From a free coffee to a virus test, Naples helps its own

Author: Agencies

Naples is proud of its tradition of “caffe sospeso”, where a customer pays twice for a coffee so that someone less fortunate can have one for free.

Now this act of charity is being extended to coronavirus tests in the southern Italian city, where the health service is struggling to deal with a surge in new cases.

At San Severo Fuori Le Mura church, in one of the most densely packed areas of Naples, a local community organisation offers residents a chance to get a rapid swab test and anonymously donate another.

“It’s a high-risk area, because there are large family groups living in very small places, so the risk of contagion is very high,” said Angelo Melone, head of the non-profit group that runs the initiative.

Since they started two weeks ago, 1,000 people have been tested — 300 of them benefitting from the generosity of their fellow citizens.

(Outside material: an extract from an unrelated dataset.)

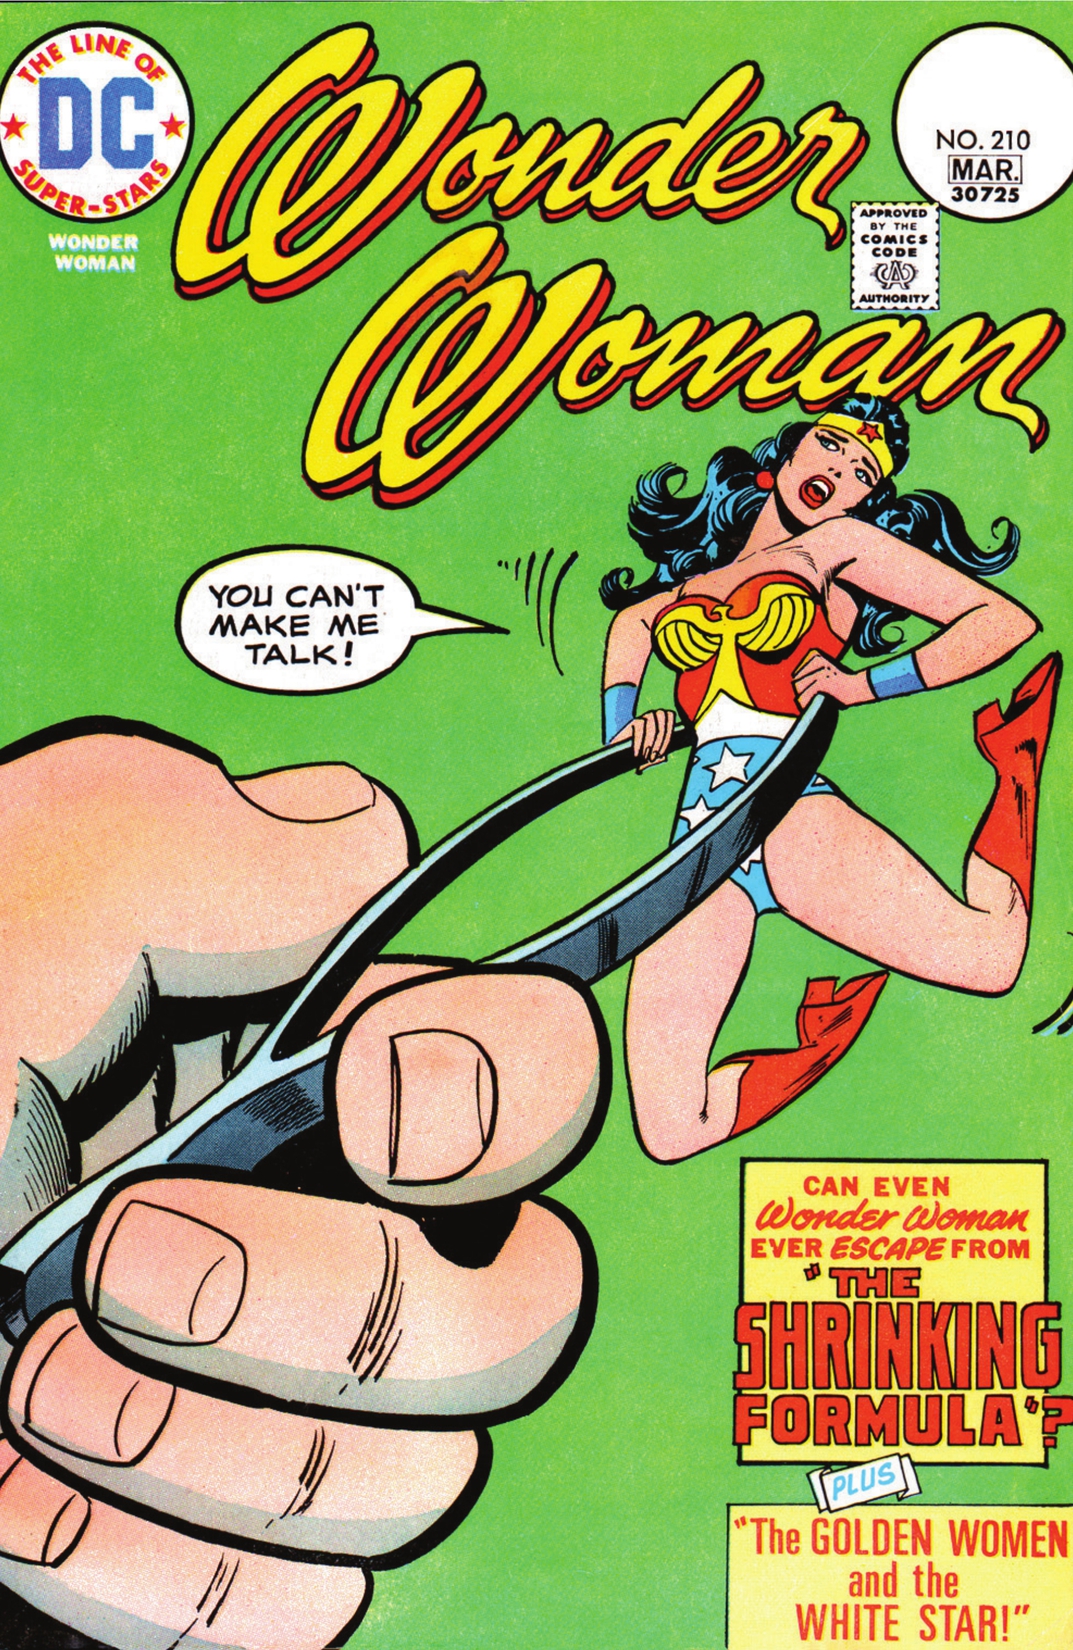 Wonder Woman (1942-1986) #210 preview images

“We Neapolitans have a big heart, in good and in bad times we share everything,” said local resident Giuseppina Puglise, after paying for an extra swab.

Moral duty

The pre-booked tests cost 18 euros ($21) each and are carried out by a team of three doctors and two nurses within the airy confines of the 16th-century church.

The money pays for the swabs themselves and the nurses, with the others volunteering for free.

Rapid tests are readily available across Italy, the first European country to be hit by the coronavirus, where it has now recorded more than 50,000 deaths.

But they can be expensive. Such a test in a private clinic in Naples can cost between 30 and 45 euros, while a more accurate PCR test can cost 70 euros.

Antonio Campagna, a 33-year-old taxi driver with three children, has struggled in the economic crisis provoked by Italy’s national lockdown earlier this year.

“I heard that there was the possibility of a free test,” he told AFP.

“I would like to take advantage of this initiative, which I consider an act full of altruism.”

Italy’s economy has been battered by the pandemic, and the poorer southern regions are suffering particularly badly.

Unemployment in Naples last year was already double the national average, at 23.3 percent compared to 10 percent, according to national statistics agency Istat.

Locals here feel a sense of solidarity as they face up to the inevitable tough times ahead. After paying for an extra test, Luigi Parisi, a 32-year-old from Naples, said that helping others less fortunate was now “a civil and moral duty”.